Hedge funds have been having a rough time recently, but billionaire Steve Schwarzman of the Blackstone Group has very little pity for them.
The hedge fund industry is grappling with issues such as volatile commodity prices and losses from big, concentrated bets, and they have had a terrible start to the year.
More than 300 hedge funds folded their tents in the last three months of 2015, the highest number of closures since the depths of the financial crisis.
Hedge funds usually charge a 2% management fee on the total amount of assets invested and keep 20% of profits made from their investments, an arrangement usually referred to as “2 and 20.” In return for those high fees, they promise to deliver alpha, or outsize returns uncorrelated to the market.

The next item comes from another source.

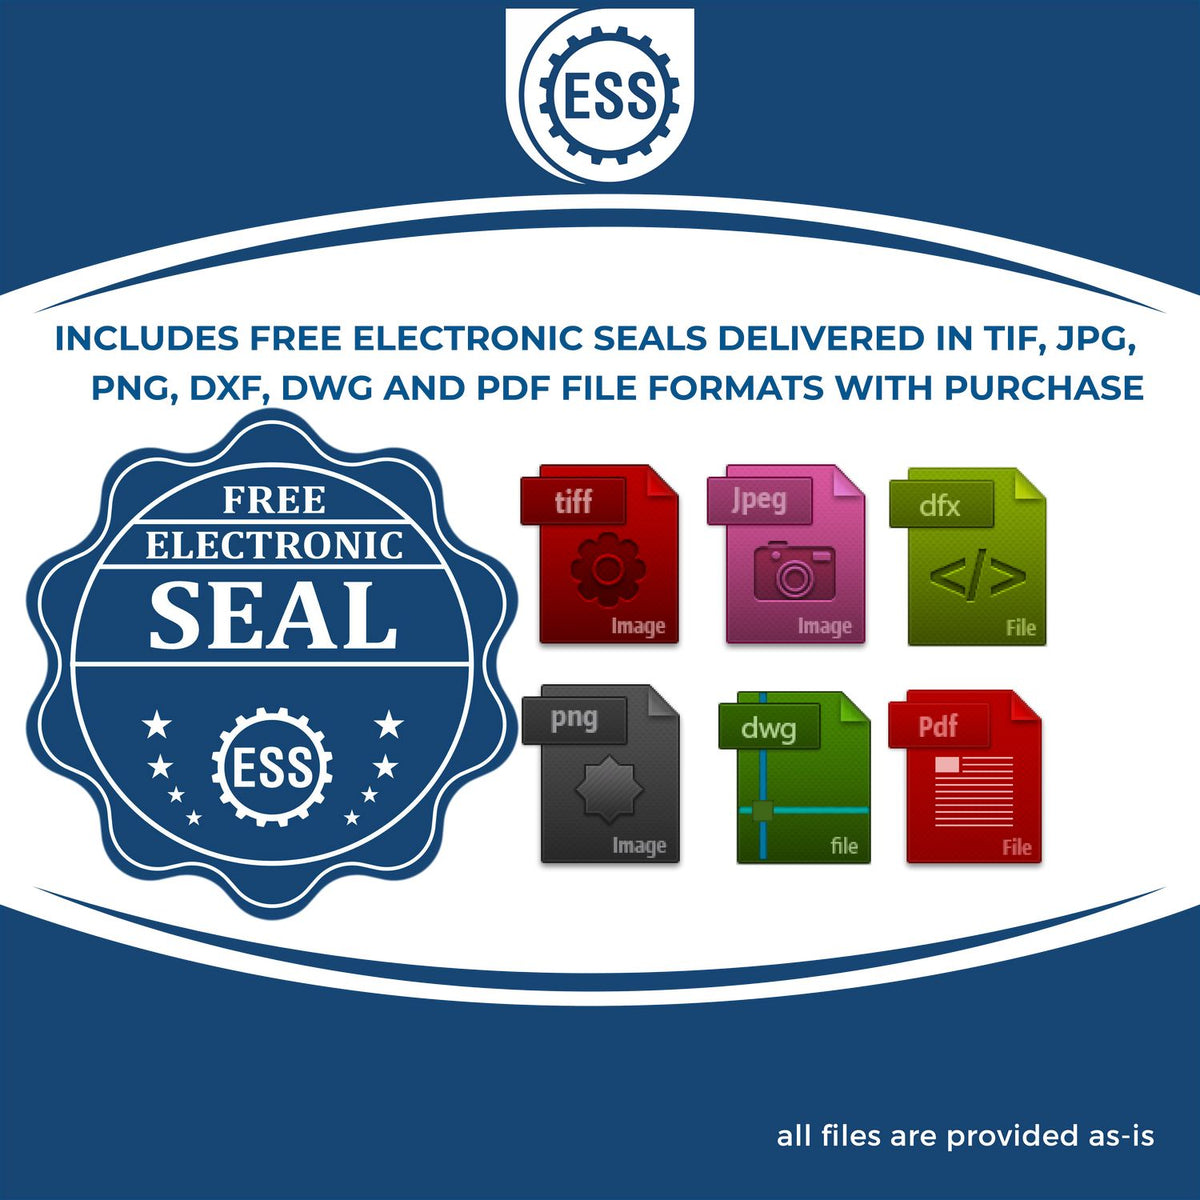 An infographic for the free electronic seal for the Hybrid Florida Land Surveyor Seal illustrating the different file type icons such as DXF, DWG, TIF, JPG and PNG.

But the lack of performance is prompting a lot of investors to pull out and look for cheaper alternatives instead. There’s renewed pressure to cut fees among hedge funds, and Schwarzman, speaking at this week’s Bernstein Thirty-Second Annual Strategic Decisions Conference, had very little sympathy for fund managers facing reductions in their generous fee structures.
Here’s Schwarzman (emphasis ours):
Every time I hear this 2-20, I wish we got something like this, ever. I know someone who’s doing this, but it’s not us.
Investors always like to get better deals, and our objective is to make them happy and keep our positions from our pricing. Over time there’s sort of relatively small changes in terms of fees going down, but what happens is there’s a massive consolidation going on in the industry, so sometimes we have large accounts where you can do a tiny bit. There are people who don’t do well and feel more pressured, particularly in the hedge funds, that some of those models for certain firms are under enormous pressure, and they should be because they’re not delivering.
If you’re not delivering, there’s a fee structure that’s set up to deliver superior performance, and if you don’t deliver it, your life is going to change. That’s not unfair in that sector. That’s not every hedge fund, but there are some of them. If you’re fully priced in and deliver over a bunch of years, then good luck.